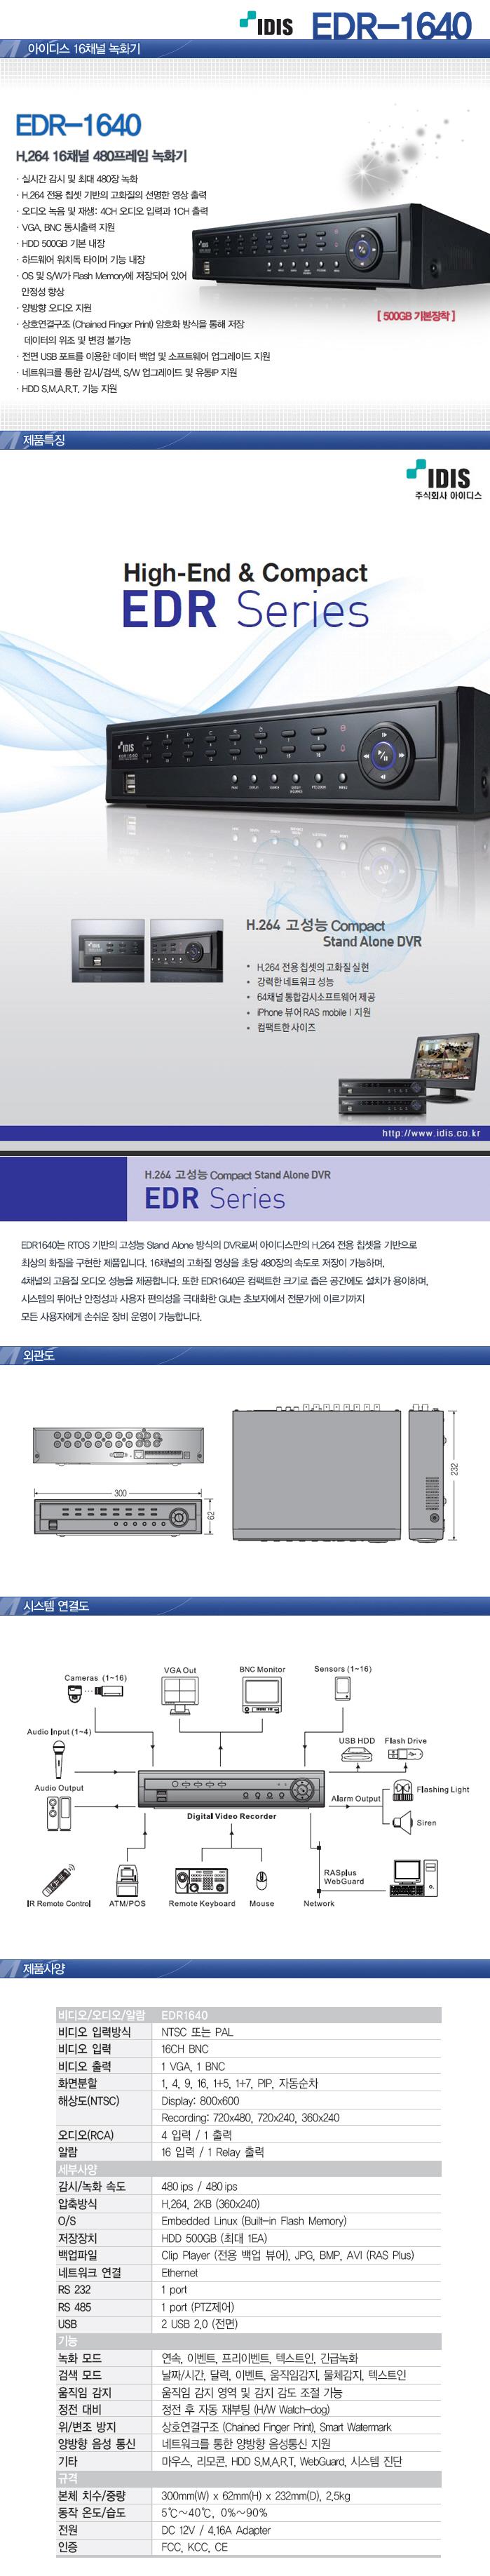 edr-1640-01.jpg
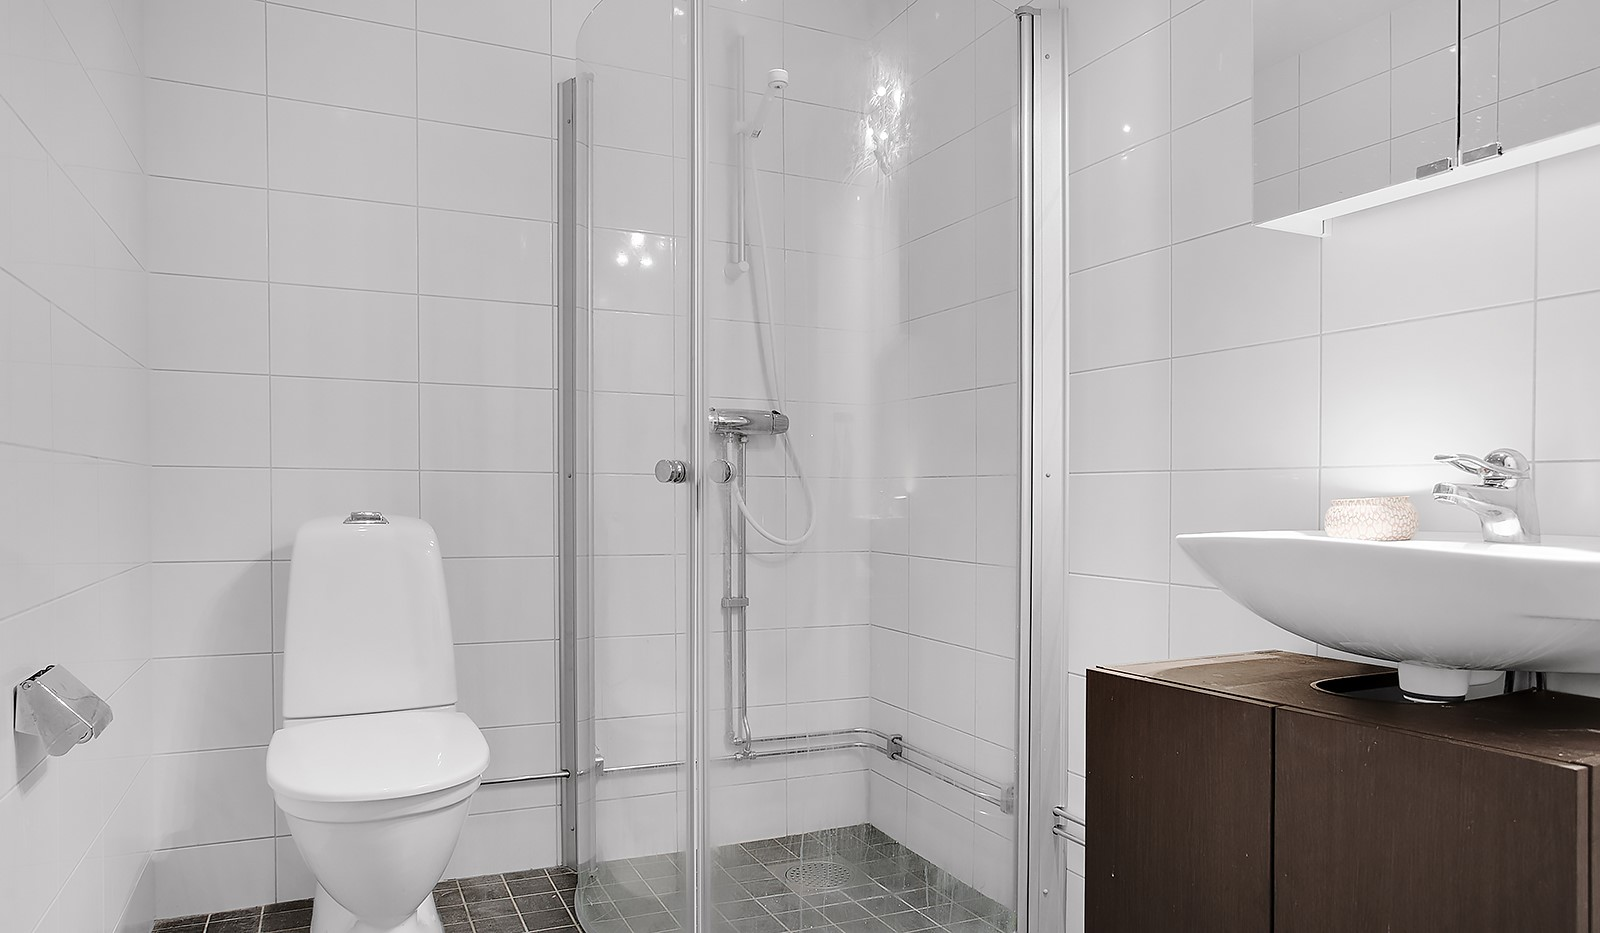 Ursviksvägen 16, 1tr FAST PRIS - Helkaklat badrum med golvvärme
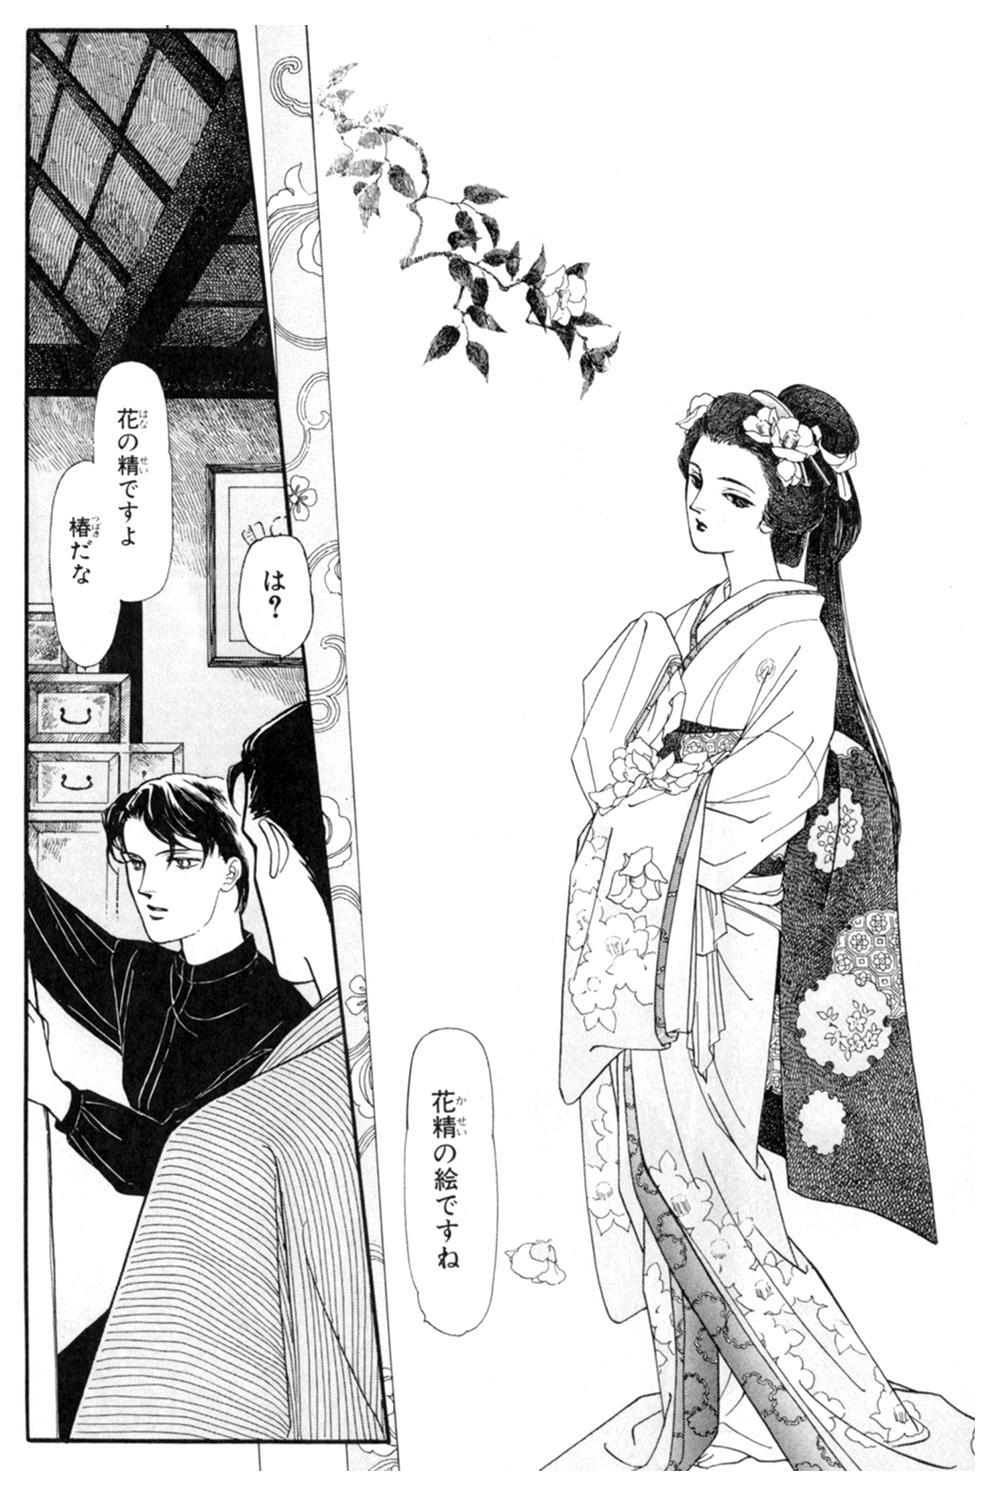 雨柳堂夢咄 第1話「花椿の恋」①uryu06.jpg
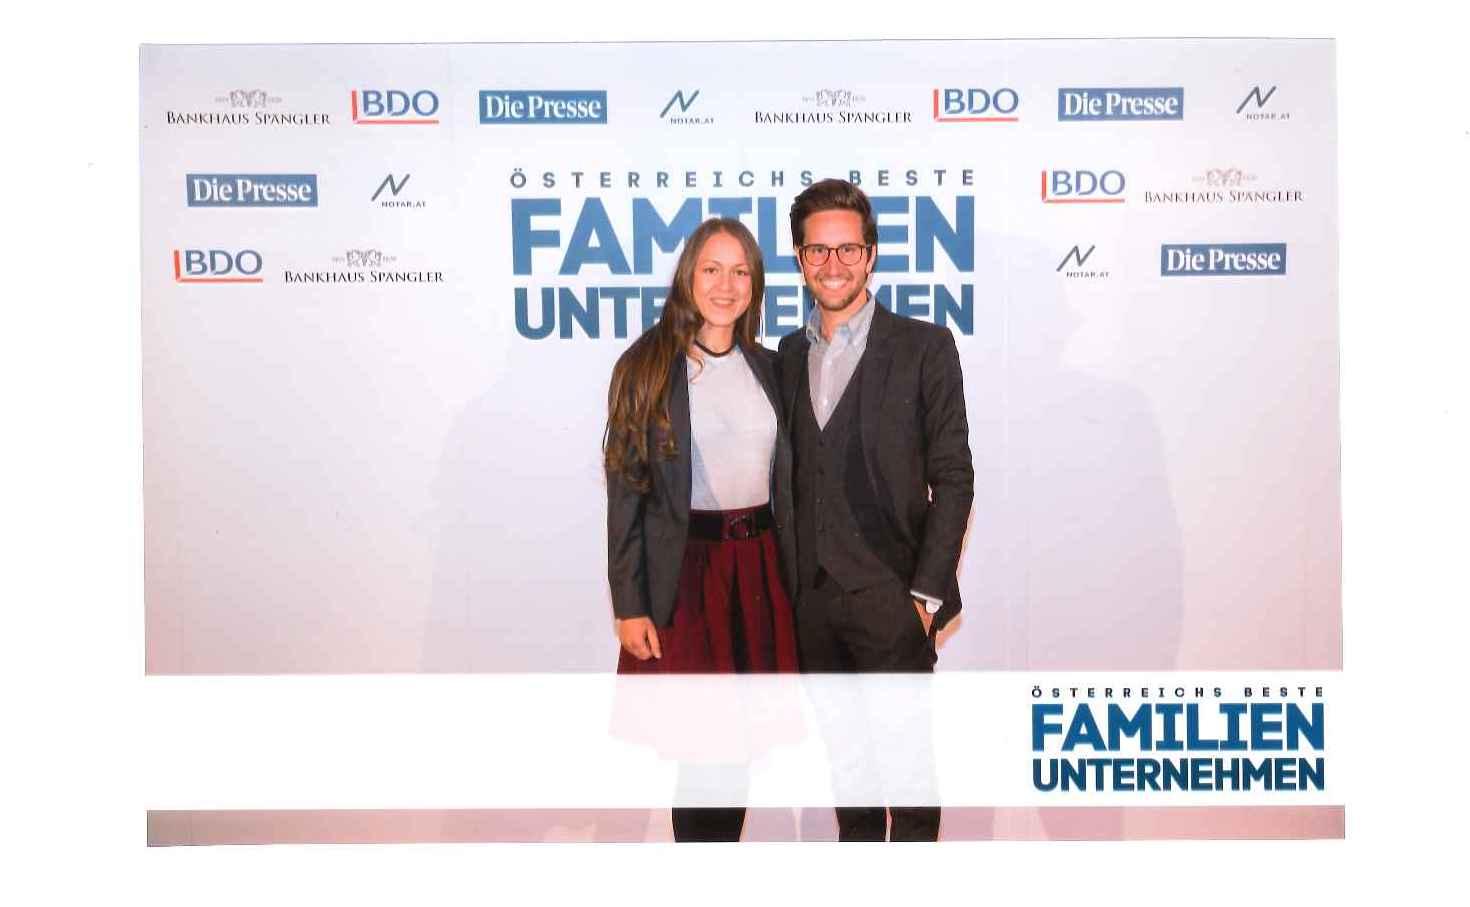 2019-05-14 R&H Österreichs Beste Familienunternehmen (7)
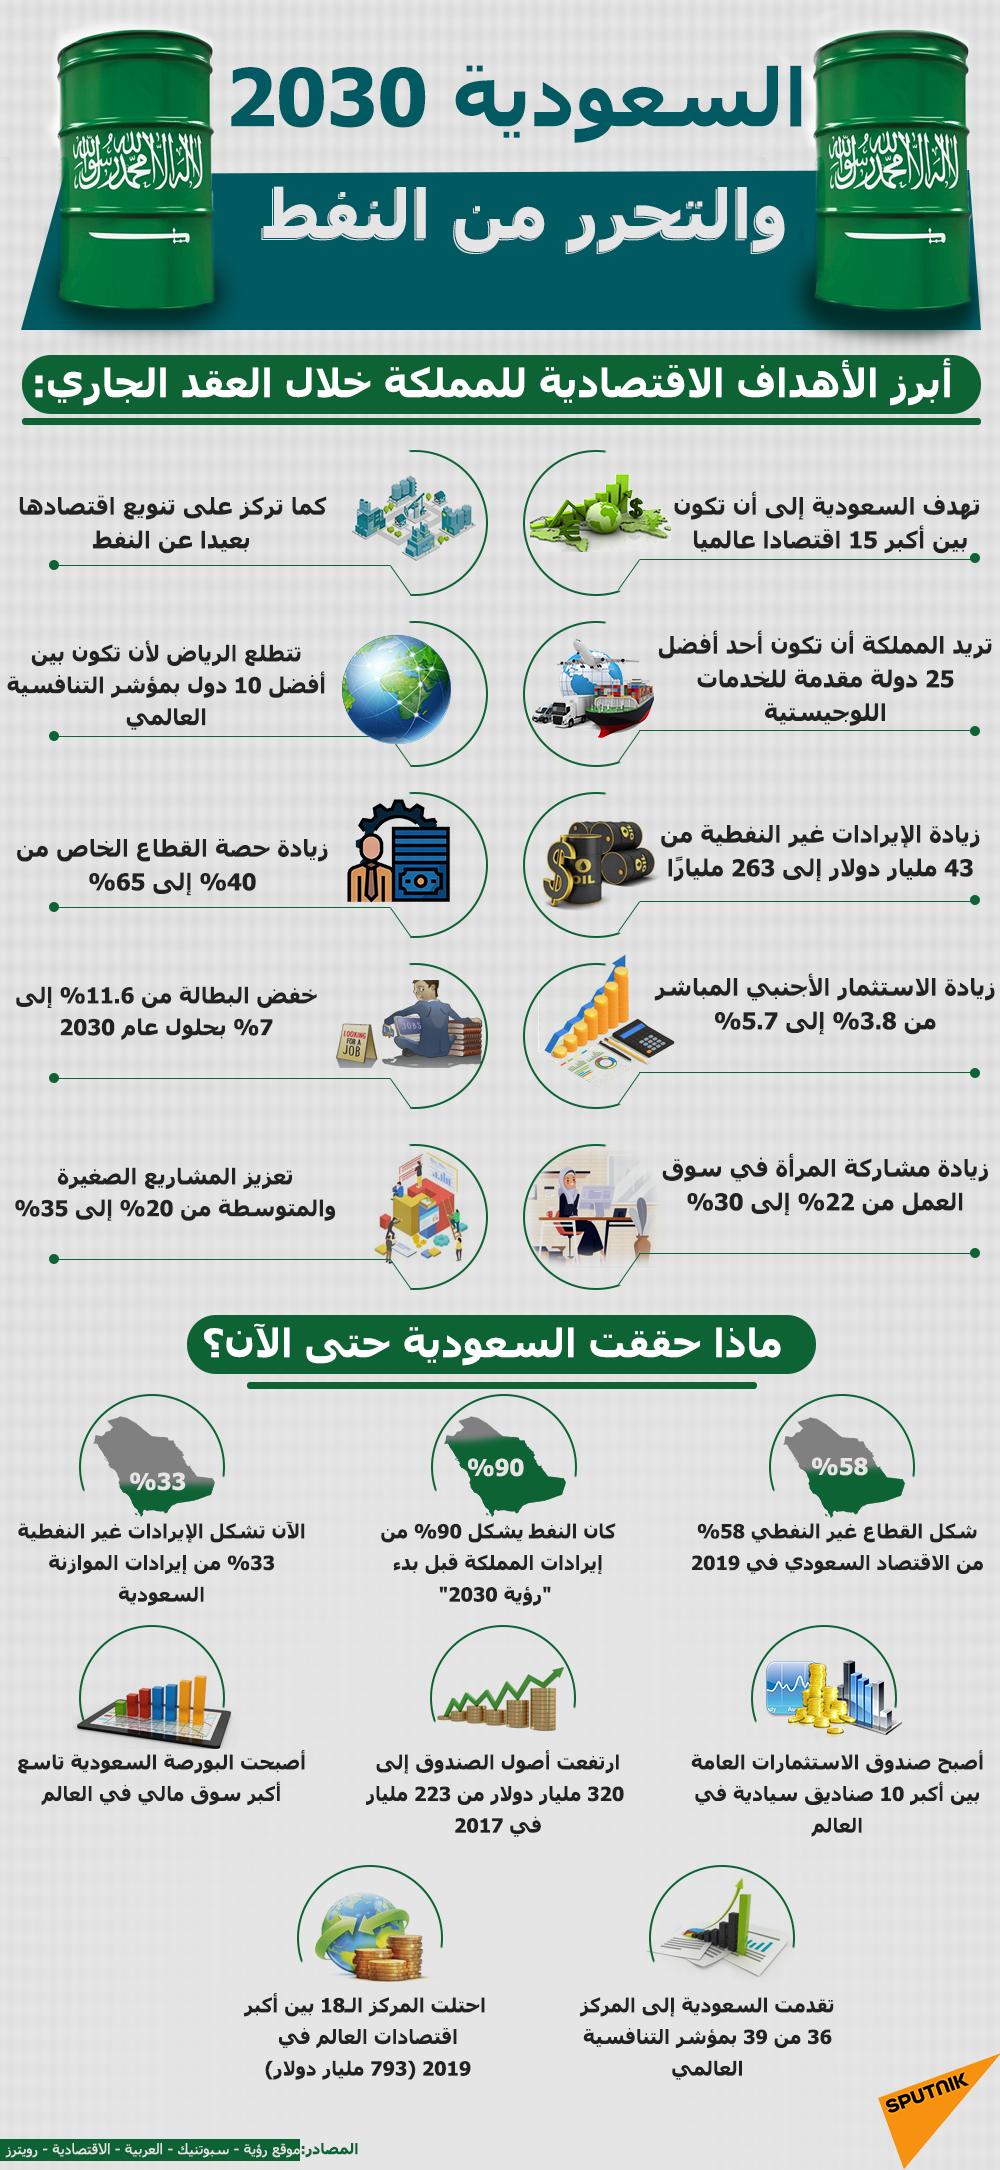 السعودية 2030 والتحرير من النفط

# [TASK DIRECTIONS]
What is needed is a word-for-word transcription of all the entries, with the pictures dropped.

# [SOLUTION]
 edr-1640-01.jpg
 Ursviksvägen 16, 1tr FAST PRIS - Helkaklat badrum med golvvärme
 雨柳堂夢咄 第1話「花椿の恋」①uryu06.jpg
 2019-05-14 R&H Österreichs Beste Familienunternehmen (7)
 السعودية 2030 والتحرير من النفط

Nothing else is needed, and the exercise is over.